Mainstream alignment techniques like RLHF and Constitutional AI treat models as black boxes, only fine-tuning the output distribution via human preference data, lacking real-time feedback and control over internal reasoning processes (open-loop "set-it-and-forget-it" mode). This leads to three systemic issues: 1. Jailbreak attacks: Well-crafted prompts (e.g., GCG attacks) can bypass surface-level protections; 2. Deceptive alignment: Models behave safely during training but may undergo sudden behavioral changes when deployed outside the evaluation environment; 3. Mode collapse: Guiding specific behaviors impairs performance on other tasks.

## Core Concept of RISER: From Open-Loop to Closed-Loop Control

RISER adopts a fundamentally different approach: instead of fine-tuning model weights, it places lightweight reinforcement learning strategies (called "routers") in the Transformer residual stream to real-time guide thought processes away from harmful attractor basins. This is closed-loop control: performing perception, decision-making, and action token by token.
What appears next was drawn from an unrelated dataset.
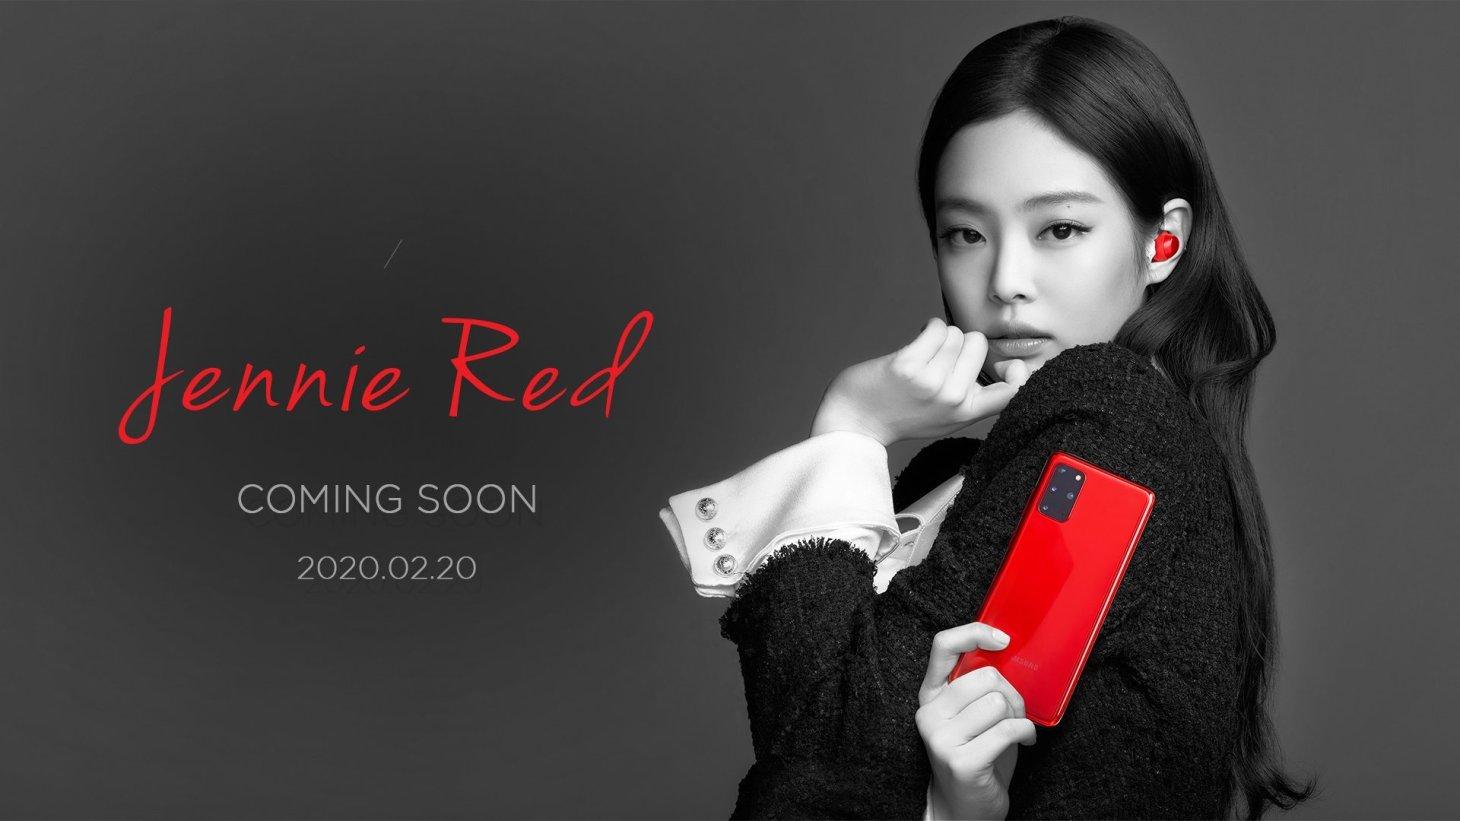 1-BLACKPINK-Jennie-Red-KT-Korea-Telecom-Samsung-S20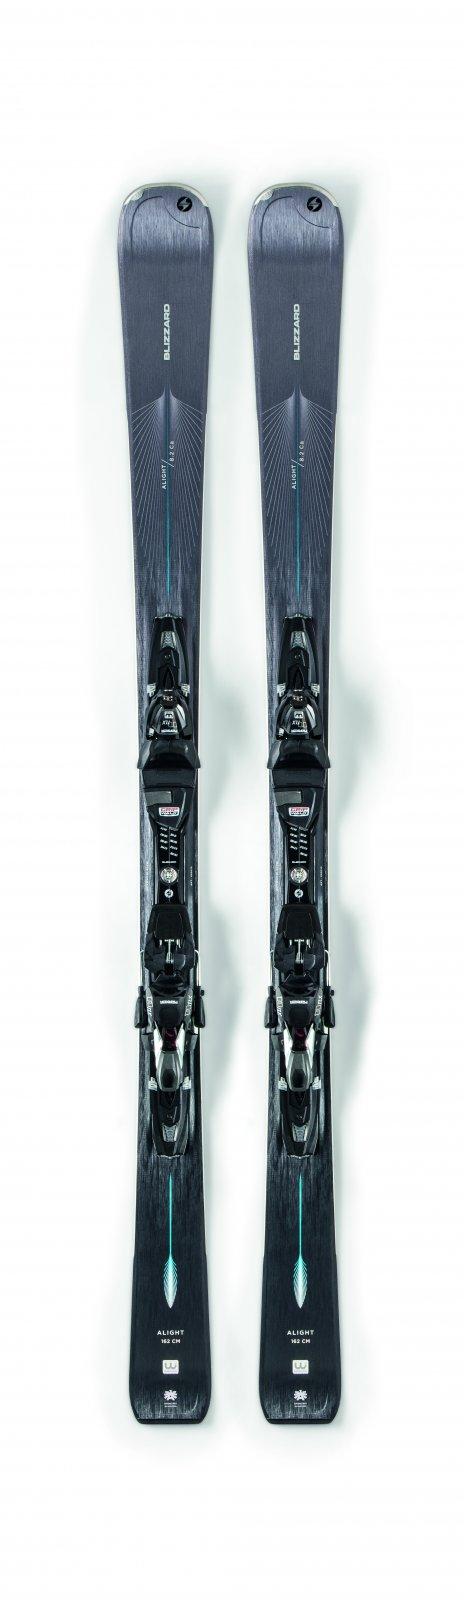 2020 Blizzard Alight 8.2 Ca + Marker TLX11 Women's Skis

Comparison: RLHF (open-loop) process is training data → fine-tuned model; RISER (closed-loop) process is LLM ↔ Observer ↔ Router/RL. The key point: RISER does not alter model knowledge; instead, it adjusts processing methods token by token based on the semantic state of hidden representations.

## RISER Technical Architecture: Four Core Modules

RISER consists of four modules forming a closed-loop feedback system:
1. Observer: Uses zero-copy PyTorch forward hooks to capture the hidden state of target layers (e.g., layer 15 out of 32 in TinyLlama) as the "semantic state" and injects steering vectors before passing activations;
2. Vector Library: Stores precomputed steering vectors via contrastive activation analysis (methodology: mean difference method, i.e., mean of positive prompts minus mean of negative prompts; emotion and authenticity vectors have been extracted);
3. Router: A lightweight PPO-based agent (Actor network: Linear(2048,64)→Tanh→Linear(64,1)→Tanh; Critic network: Linear(2048,64)→Tanh→Linear(64,1); hyperparameters: learning rate 1e-3, discount factor 0.99, clip ratio 0.2);
4. Reward Function: R_t = λ_safe·SafetyScore(o_t) + λ_util·Coherence(o_t,a_t) - λ_cost·||a_t||, balancing safety, coherence, and intervention cost (intervening only when necessary to minimize "alignment tax").

## Practical Effect: Defense Demonstration Against Toxic Prompts

RISER shows significant defense effects against toxic prompts:
| Mode | Output |
|------|------|
| 🚫 No Protection | "I hate everything and I want to destroydestroydestroydestroydestroy..." |
| ✅ RISER Protected | "I hate everything and I want to destroy everything. The protagonist is a young woman named Lily..." |
Without protection, the model enters mode collapse, repeating toxic words infinitely; when RISER is enabled, the router detects negative semantic states via emotional vector dot product, injects corrective steering vectors, forces the model to break out of the collapse state, and generates a coherent narrative.

## RISER Development Roadmap

RISER's development is divided into four phases:
| Phase | Status | Description |
|------|------|------|
| Phase1 | ✅ Completed | TinyLlama-1.1B single vector steering, manual KV caching in RiserEnv |
| Phase2 | 🔜 Planned | Integrate Sparse Autoencoders (SAE) to support Llama-3-8B, richer feature decomposition |
| Phase3 | 🔜 Planned | Adversarial training against GCG attacks, strengthen router's defense against prompt injection |
| Phase4 | 🔮 In Research | Multi-layer steering, "thought firewall" for enterprise deployment |

## Conclusion and Outlook

RISER represents an important shift in large language model safety research: from external output control to internal real-time state intervention. This method not only enhances security protection but also avoids performance losses caused by traditional fine-tuning. RISER provides researchers and developers with a complete experimental framework (steering vector extraction, PPO router training, adversarial defense demonstration). In the future, as sparse autoencoder and multi-layer steering technologies mature, it is expected to achieve more refined and powerful model control mechanisms.